With this information, we can write a function which matches on a specific CodeBlock class and pipes the content through an external program. At this point, you can do pretty much anything. Validating syntax. Reformatting code. You name it.

codeBlock (CodeBlock (ident, ["bmc"], namevals) content) = do
  let toArg (a, b) = ["--" ++ Text.unpack a, Text.unpack b]
  let args = concatMap toArg namevals
  (ec, out, err) <- unsafeCompiler $
                    readProcessWithExitCode "bmc" (args ++ ["-"]) content
  case ec of
    ExitSuccess   -> pure $ CodeBlock (ident, ["bmc"], namevals) out
    ExitFailure _ -> fail $ Text.unpack err
codeBlock x = pure x

And now we can write Braille Music code and be sure it passed validation.

```{.bmc locale=de width=12}
!{ihg&gfeyefg{ihg zhhh&hhh%iii{ihg2k
```

  ⠐⠷⠊⠓⠛⠯⠛⠋⠑⠐
⠽⠑⠋⠛⠷⠊⠓⠛
⠵⠓⠓⠓⠯⠓⠓⠓⠐
⠿⠊⠊⠊⠷⠊⠓⠛⠣⠅

At a glance

Putting it all together, here is the source code of the BrailleMusicCompiler module.

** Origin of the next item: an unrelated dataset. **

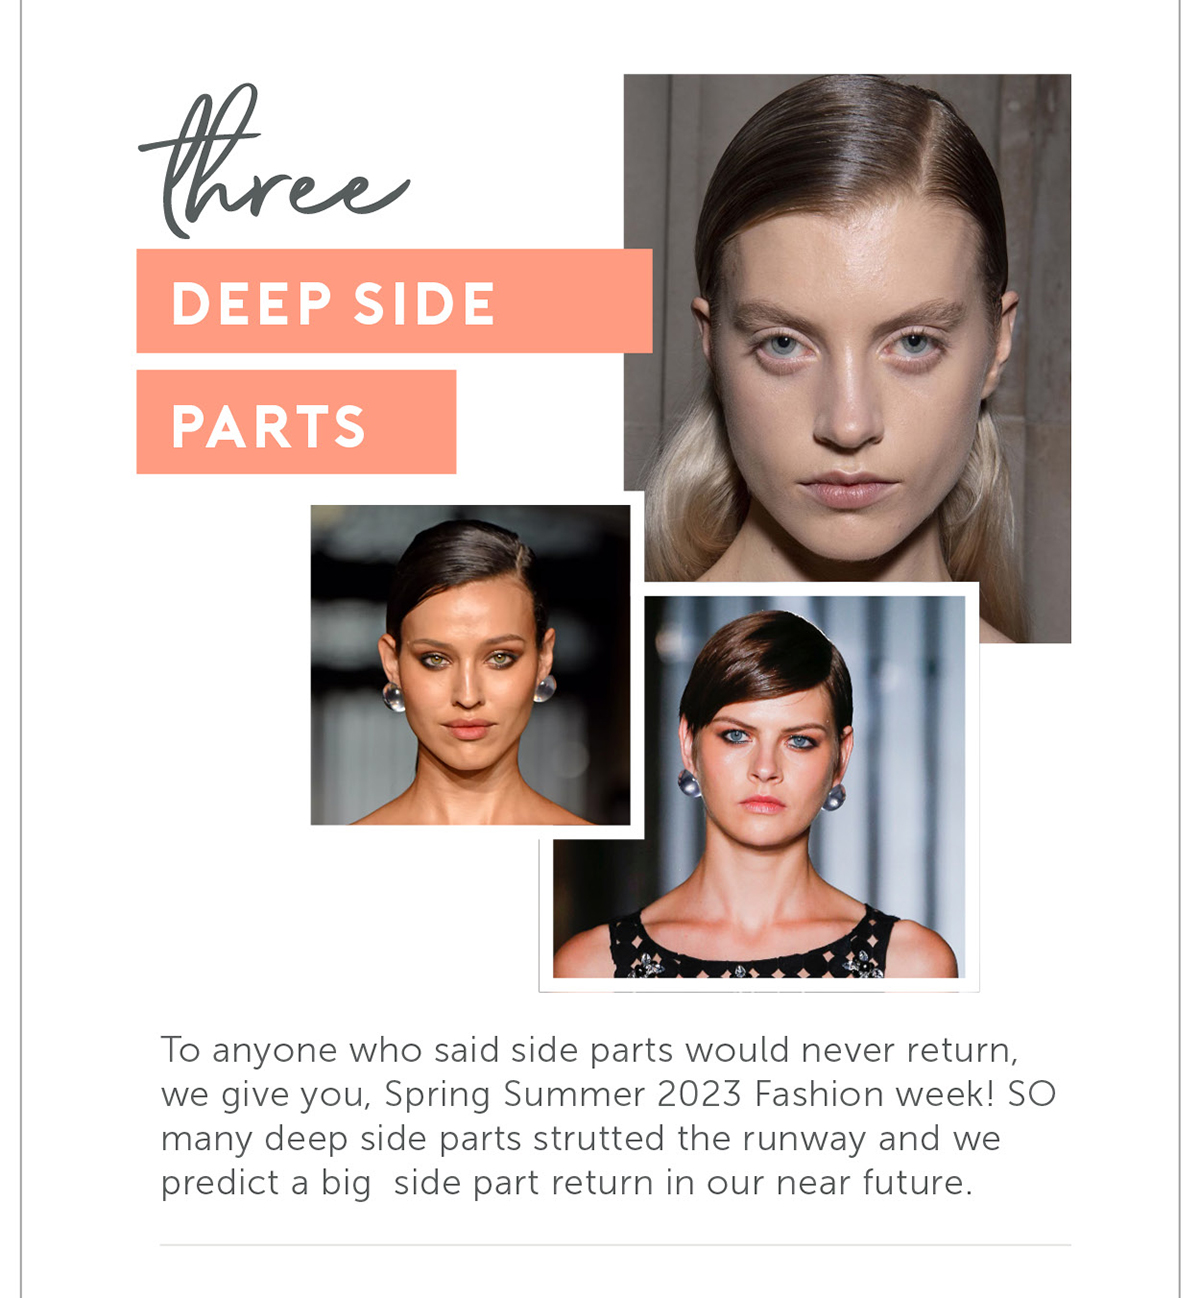 Deep Side Parts To anyone who said side parts would never return, we give you, Spring Summer 2023 Fashion week! SO many deep side parts strutted the runway and we predict a big side part return in our near future.

{-# LANGUAGE OverloadedStrings #-}
module BrailleMusicCompiler ( brailleMusicCompiler ) where

import Data.Text (Text)
import qualified Data.Text as Text
import Hakyll ( Compiler, Item
              , defaultHakyllReaderOptions, defaultHakyllWriterOptions
              , pandocCompilerWithTransformM
              , unsafeCompiler )
import System.Exit ( ExitCode(..) )
import System.Process.Text ( readProcessWithExitCode )
import Text.Pandoc ( Block(CodeBlock), Pandoc )
import Text.Pandoc.Walk ( walkM )

brailleMusicCompiler :: Compiler (Item String)
brailleMusicCompiler =
  pandocCompilerWithTransformM defaultHakyllReaderOptions
                               defaultHakyllWriterOptions
                               transform

transform :: Pandoc -> Compiler Pandoc
transform = walkM codeBlock

codeBlock :: Block -> Compiler Block
codeBlock (CodeBlock (ident, ["bmc"], namevals) content) = do
  let toArg (a, b) = ["--" ++ Text.unpack a, Text.unpack b]
  let args = concatMap toArg namevals
  result <- unsafeCompiler (bmc args content)
  case result of
    Left e  -> fail $ Text.unpack e
    Right r -> pure $ CodeBlock (ident, ["bmc"], namevals) r
codeBlock x = pure x

bmc :: [String] -> Text -> IO (Either Text Text)
bmc args music = do
  (ec, out, err) <- readProcessWithExitCode "bmc" (args++["-"]) music
  pure $ case ec of
    ExitSuccess -> Right out
    ExitFailure _ -> Left err

Usage

To use your new custom pandoc based compiler, all you have to do is replace pandocCompiler in your existing site.hs with whatever you choose as name for your custom compiler. For instance, this article has been processed with the following match rule in site.hs.

    match "blog/*" $ do
        route $ setExtension "html"
        compile $ brailleMusicCompiler
              >>= saveSnapshot "content"
              >>= loadAndApplyTemplate "templates/post.html"    (postCtx tags)
              >>= loadAndApplyTemplate "templates/default.html" (postCtx tags)
              >>= relativizeUrls

Advent of Haskell

This article is part of Advent of Haskell 2020.